Further, in the embodiment shown above, the frequency contribution rate was obtained with high accuracy by searching from the three-dimensional map table with the cylinder and the engine speed as parameters, but in order to reduce the memory amount, the frequency contribution rate becomes the basic frequency contribution rate. The correction coefficient for correcting the variation for each cylinder may be multiplied by the correction coefficient for correcting the variation for each engine speed region to perform the correction. Further, the present invention includes the one in which the frequency contribution rate is set according to only one of the cylinders and the engine speed range, and it is possible to considerably improve the accuracy thereof.

<Effects of the Invention> As described above, according to the present invention, the intensities of a plurality of specific frequency components are corrected from the detection signal from the vibration sensor by using the frequency contribution rate set for each cylinder and each engine rotation region. Since the knocking determination is performed using the value, there is an effect that the knocking determination accuracy can be increased as much as possible.

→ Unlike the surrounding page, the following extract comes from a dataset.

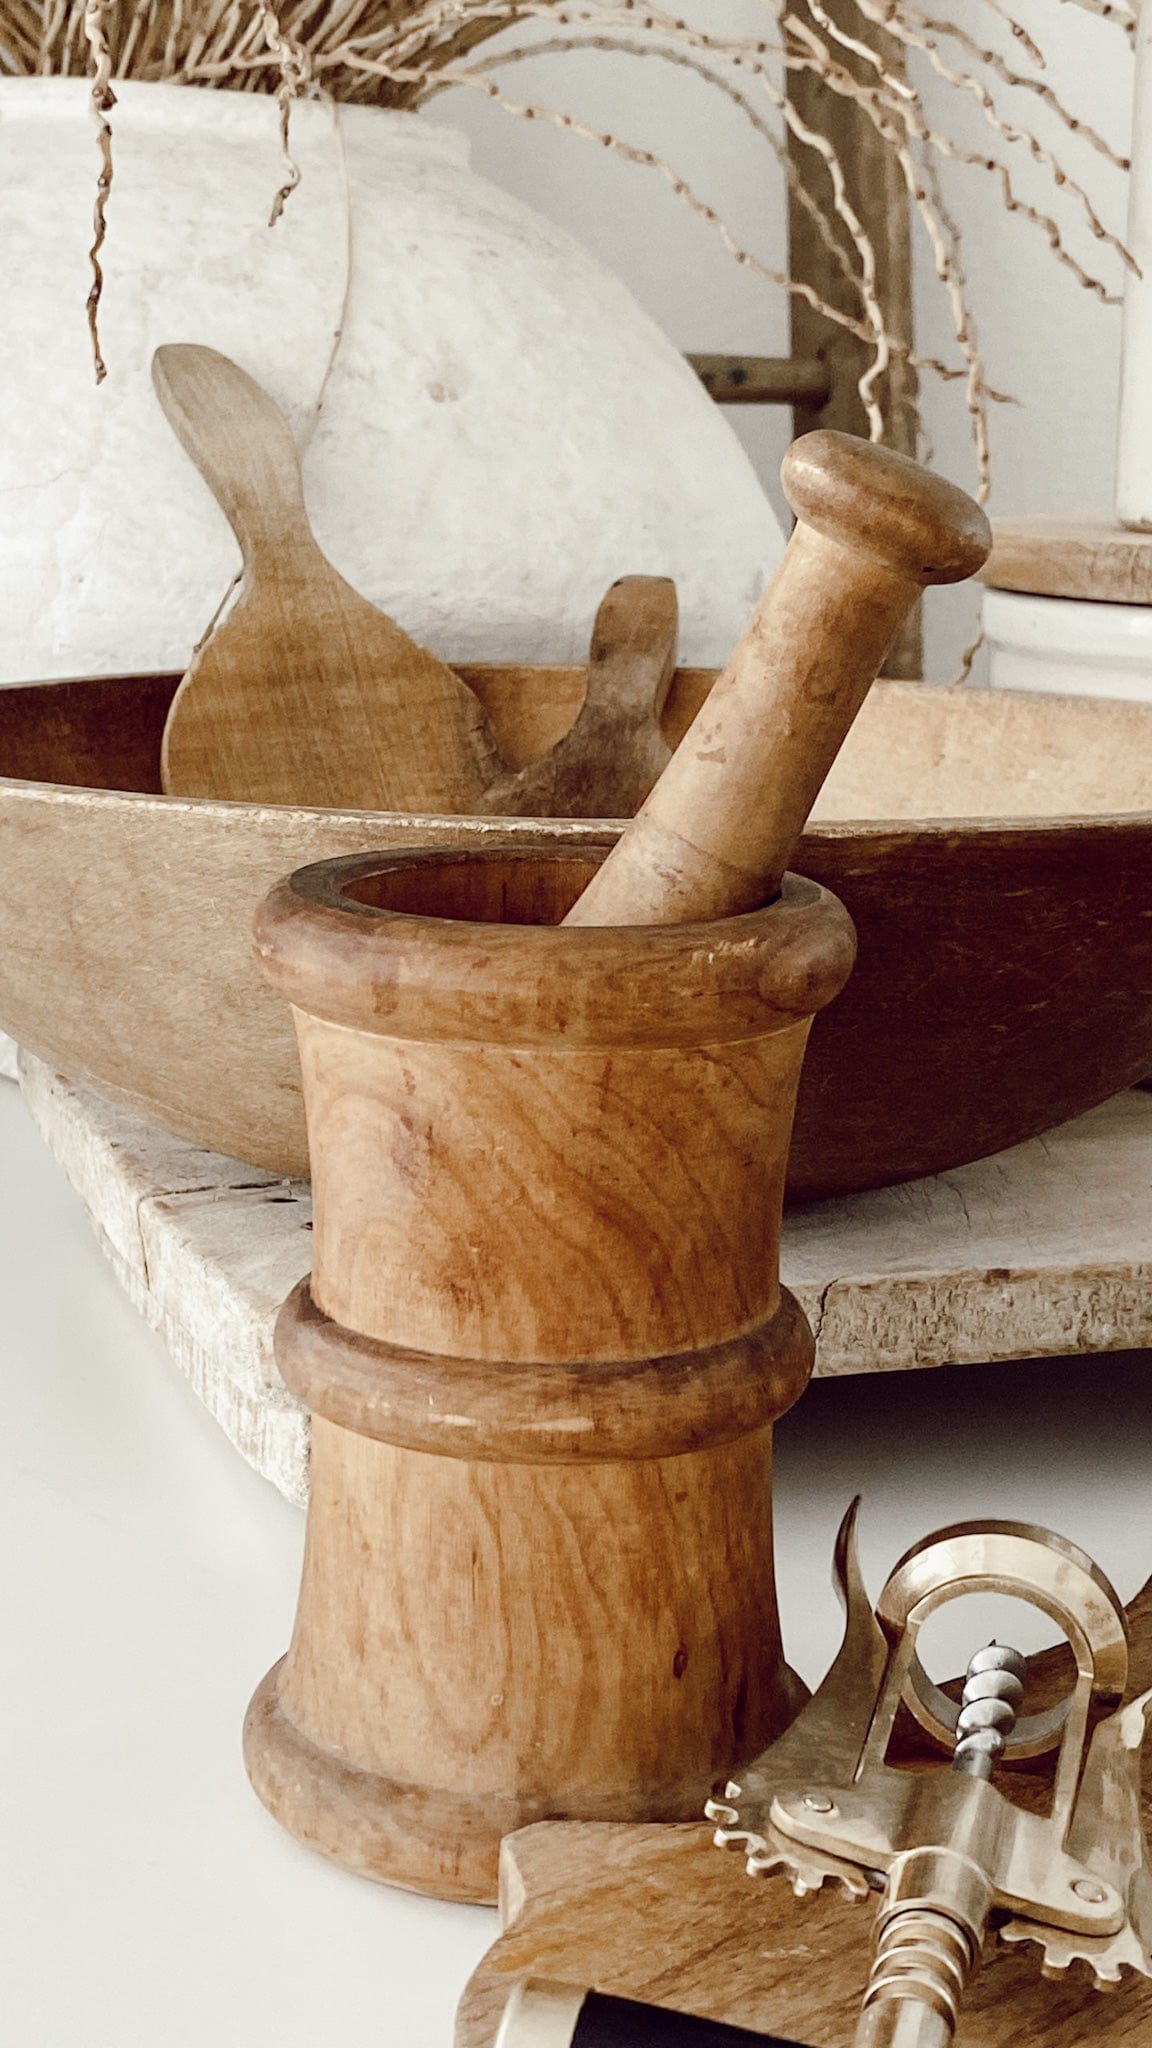 Vintage Hand Made Wood Mortar & Pestle kitchen tool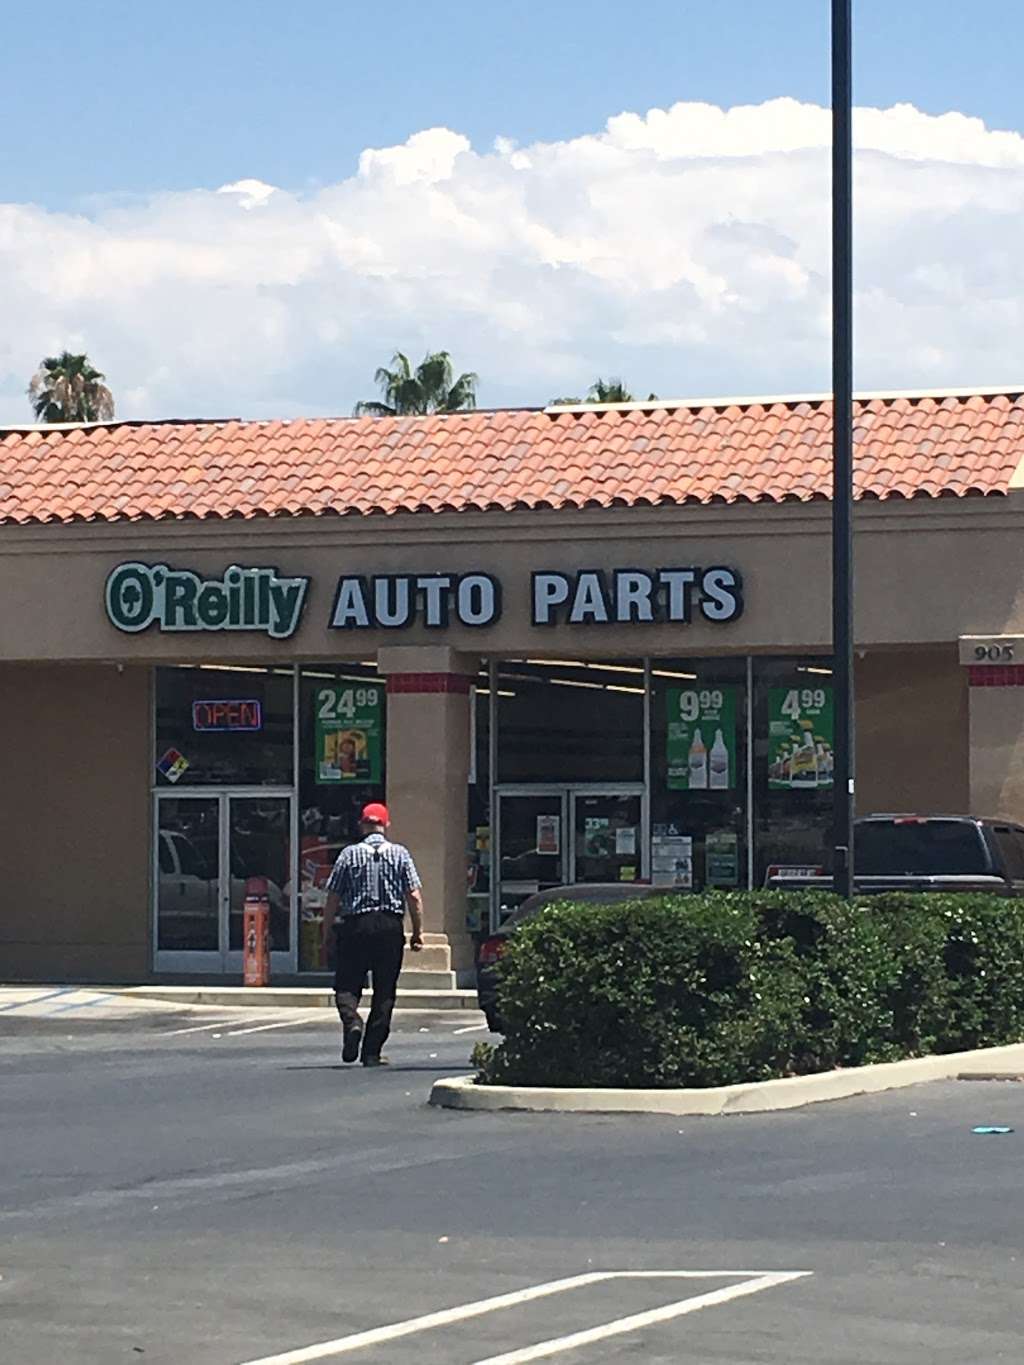 OReilly Auto Parts | 905 Kendall Dr, San Bernardino, CA 92407 | Phone: (909) 881-1115

[Brief description of drawings]

FIG. 1 is a block diagram showing the configuration of the present invention, FIG. 2 is a system block diagram showing an embodiment of the present invention, FIG. 3 is a flowchart showing the contents of knocking detection control in the same embodiment, FIG. FIG. 5 is a time chart showing how intensity is sampled for each specific frequency component in the same embodiment, FIG. 6 is a diagram showing an example of a frequency spectrum in the same embodiment, and FIG. 7 is also for each frequency component. Stored frequency contribution ratio map table, 8th
FIG. 9 is a flowchart showing the contents of knocking detection control in another embodiment, and FIG. 9 is a block diagram showing an example of a conventional knocking detection device. 1 ... Knock sensor (vibration sensor), 2 ... A / D converter, 3 ... Comb filter, 4 ... Delay circuit, 5 ... Adder, 6a-6e ... Resonator, 7 ... Micro Computer, 8 ... Crank angle sensor

Claims (1)

[Claims] 1. A vibration sensor attached to an engine body for detecting engine vibration, a specific frequency component extracting means for extracting a plurality of specific frequency components from a detection signal of the vibration sensor, and an extraction by the specific frequency component extracting means. Intensity sampling means for sampling the intensities of the plurality of specified frequency components respectively within a predetermined section, and a frequency contribution rate that contributes to knocking of the specific frequency components for each specific frequency component at least for each cylinder and each engine speed region A frequency contribution rate setting unit that sets the intensity of a plurality of specific frequency components sampled by the intensity sampling unit with a corresponding frequency contribution rate set by the frequency contribution rate storage unit. Means and a knocker based on the intensities of the plurality of specific frequency components corrected by the intensity correcting means. Device for detecting knocking in an internal combustion engine, characterized in that it is configured to include a knock determining means for determining the presence or absence of grayed, the.